Neonatal Alloimmune Thrombocytopenia Secondary to Maternal SLE
The most likely diagnosis is neonatal alloimmune thrombocytopenia (NAIT), not immune thrombocytopenia (ITP) secondary to maternal SLE, making the answer B: Neonatal alloimmune thrombocytopenia.
Clinical Reasoning
The key diagnostic features point definitively toward NAIT rather than the other options:
Severe isolated thrombocytopenia (18,000/μL) with normal coagulation studies excludes vitamin K deficiency bleeding (which would show prolonged PT) and hemophilia A (which would show prolonged aPTT) 1.
The platelet count of 18,000/μL meets ISTH diagnostic criteria for NAIT, which defines suspected cases as having a nadir platelet count below 100 × 10⁹/L at birth or within 7 days, with most affected infants having counts less than 50 × 10⁹/L 1.
While maternal SLE is mentioned, neonatal thrombocytopenia from maternal ITP/SLE is actually rare - accounting for only 3% of all cases of thrombocytopenia at delivery, and severe thrombocytopenia with clinical hemorrhage in neonates is uncommon in maternal ITP 1.
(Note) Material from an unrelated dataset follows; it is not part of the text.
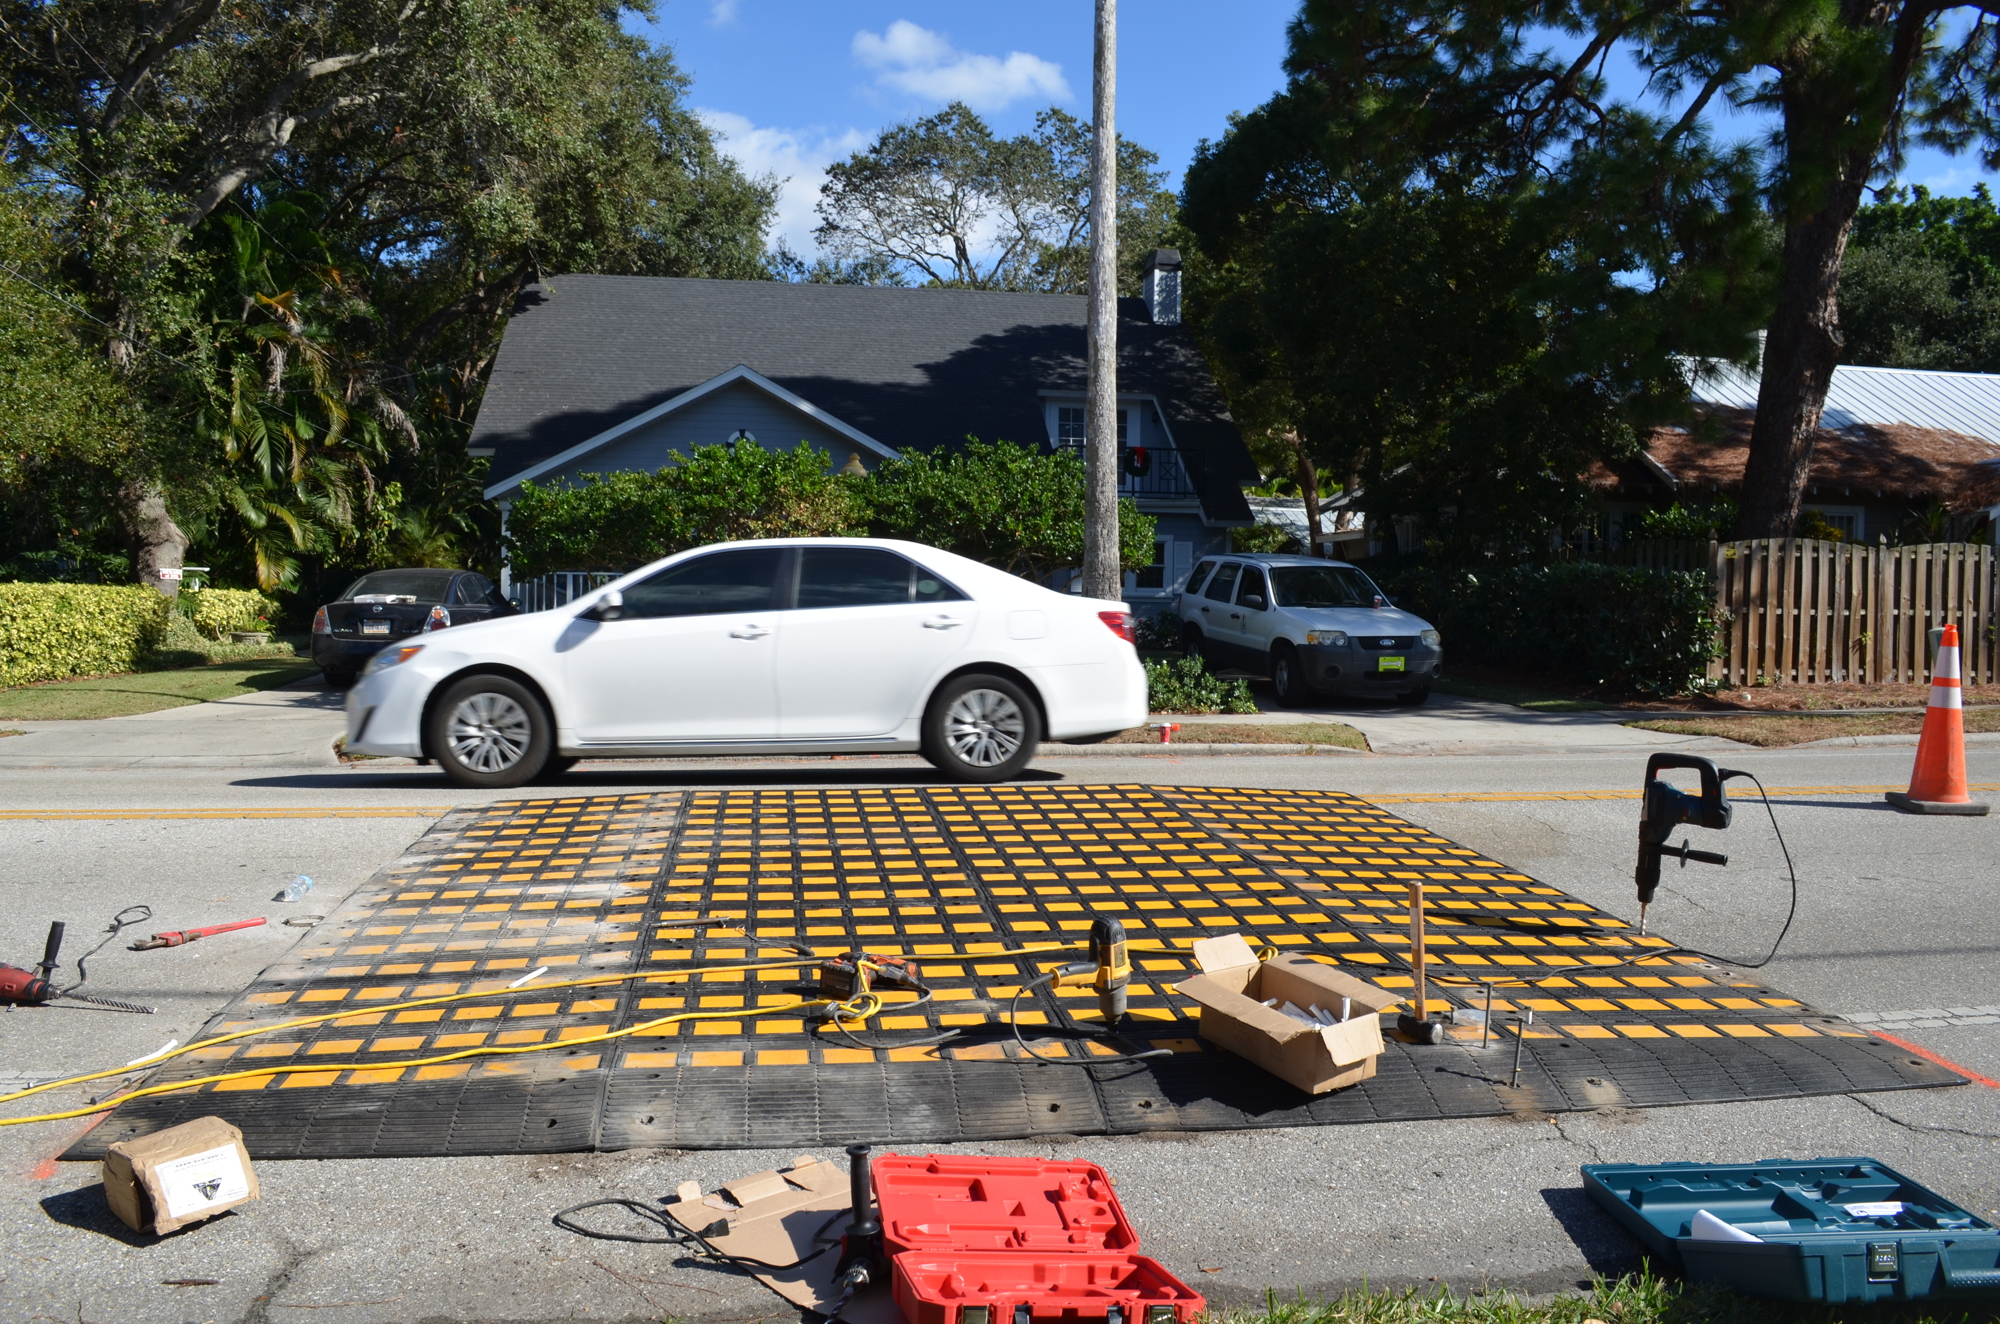 City workers spent Sunday installing a temporary speed table on Orange Avenue.
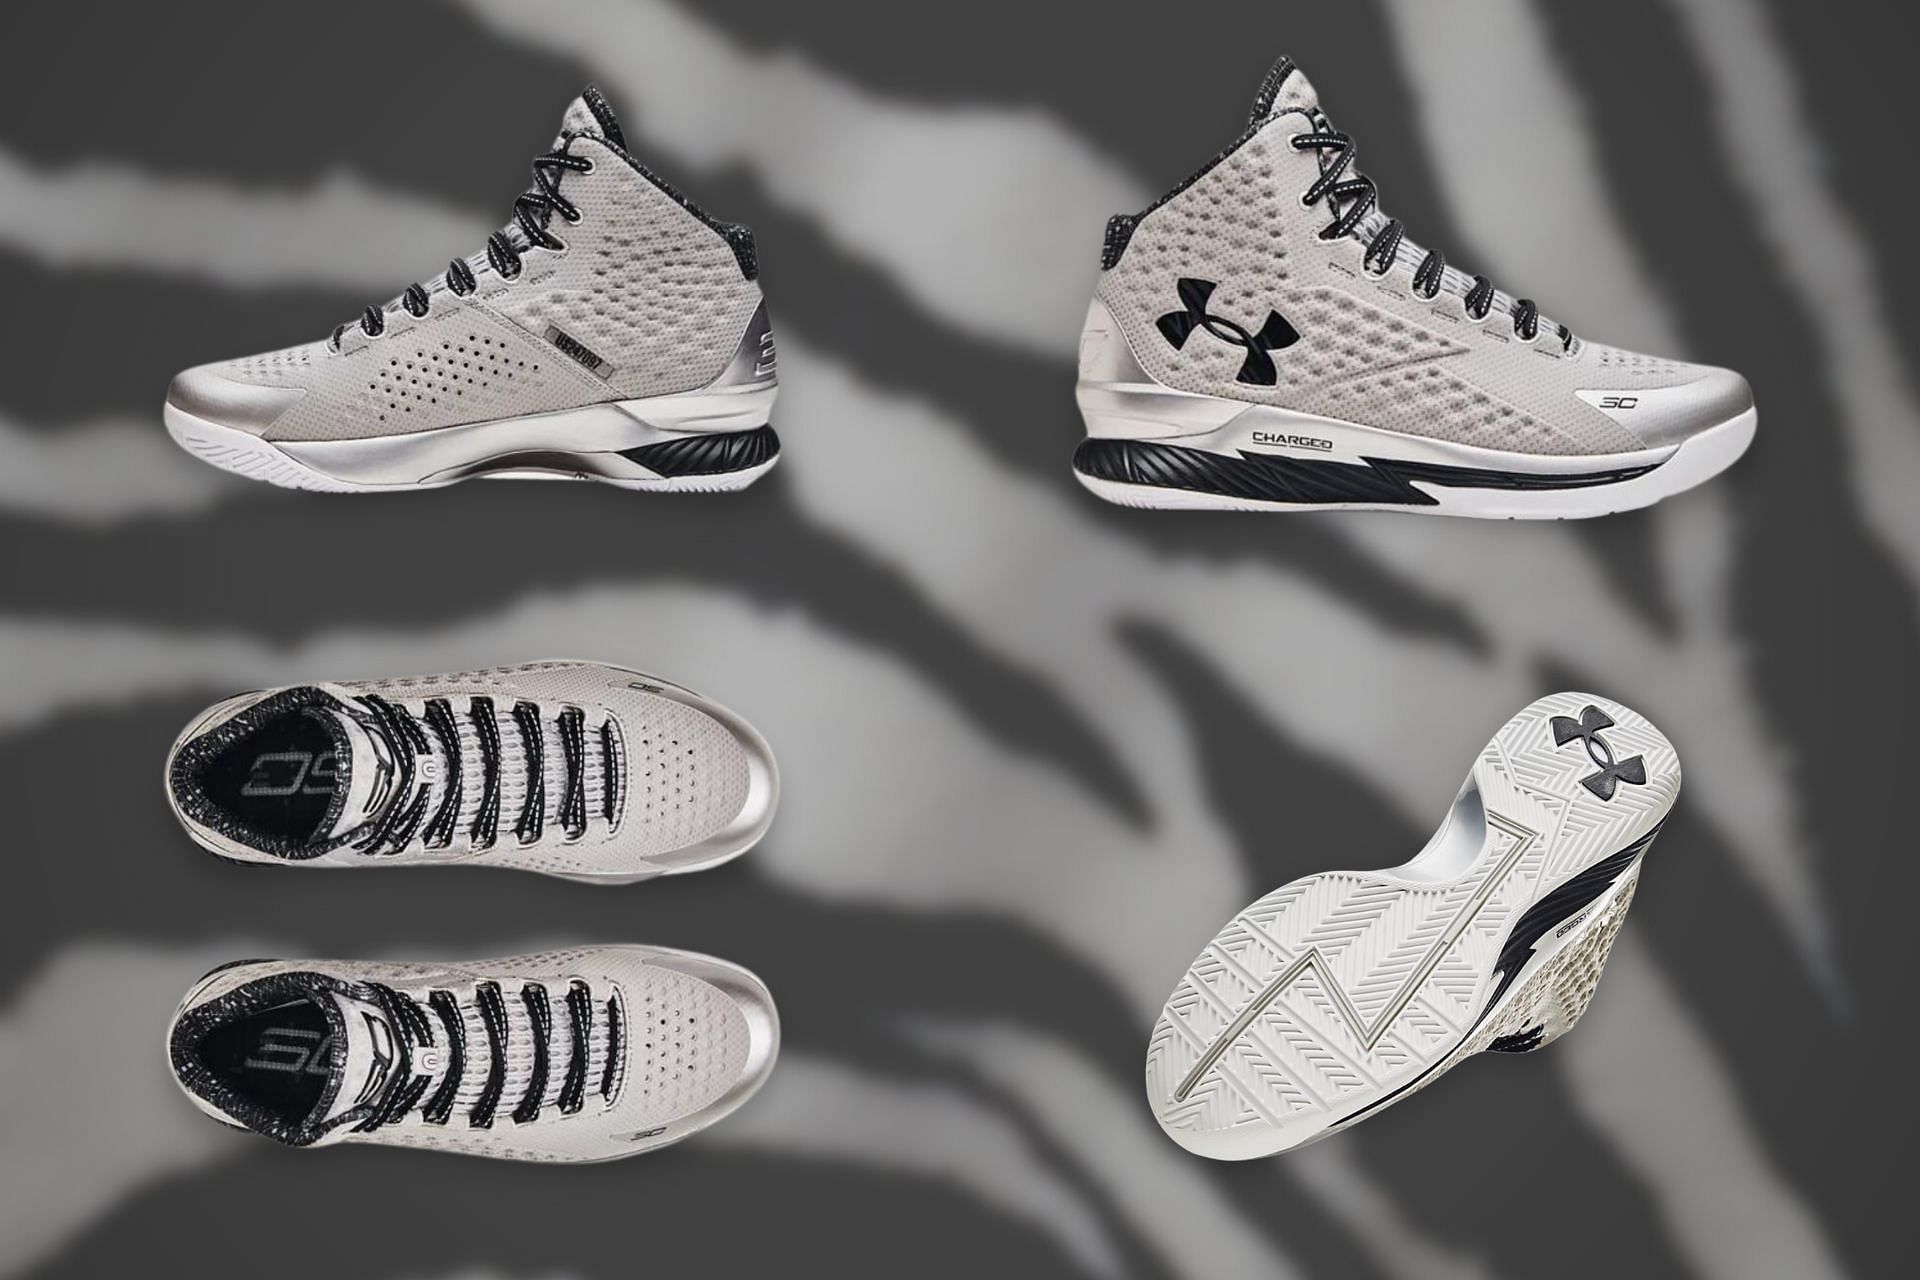 The newly released Stephen Curry x Under Armour Curry 1 &quot;Black History Month&quot; sneakers come clad in a Metallic Silver and Black color scheme (Image via Sportskeeda)

NAIT is the most common cause of severe thrombocytopenia (<30 × 10⁹/L) in term newborns, occurring in approximately 1 in 1,000 live births 2, 3.
Why Not the Other Options
Vitamin K deficiency (Option A) is excluded because PT and aPTT would be prolonged, not normal 4. The isolated thrombocytopenia with normal coagulation factors is inconsistent with this diagnosis.
Hemophilia A (Option C) is excluded because it presents with prolonged aPTT and normal platelet counts, the opposite of this clinical picture 4.
Congenital platelet function defect (Option D) would not typically present with such severe thrombocytopenia; these disorders usually have normal or near-normal platelet counts with abnormal function 1.
Immediate Management Required
Administer IVIG 1 g/kg immediately for platelet counts <20,000/μL with clinical hemorrhage (umbilical stump bleeding), with repeat dosing if necessary 1, 5, 4.
Perform transcranial ultrasonography urgently given the platelet count <50,000/μL to assess for intracranial hemorrhage 1, 5, 4.
Avoid all intramuscular injections including vitamin K until platelet count improves 1, 5.
Monitor platelet counts serially as they typically nadir between days 2-5 after birth 1, 5, 4.
Diagnostic Confirmation
To confirm NAIT diagnosis, the following testing should be performed 1, 5:
- HPA genotyping from mother, neonate, and father to identify platelet antigen incompatibility
- Maternal serum alloantibody testing using two different serological methods (bead-based multiplex assays, MAIPA, or flow-based assays)
- Crossmatch with paternal platelets to detect alloantibodies to low-frequency antigens
Critical Pitfall
Do not assume this is neonatal ITP from maternal SLE without confirmatory testing - while the maternal history may suggest this, NAIT is far more likely given the severity of thrombocytopenia and clinical bleeding 1, 2. Neonatal thrombocytopenia from maternal SLE may persist for months and requires long-term monitoring, but the acute presentation with severe thrombocytopenia and bleeding is more consistent with NAIT 1, 4.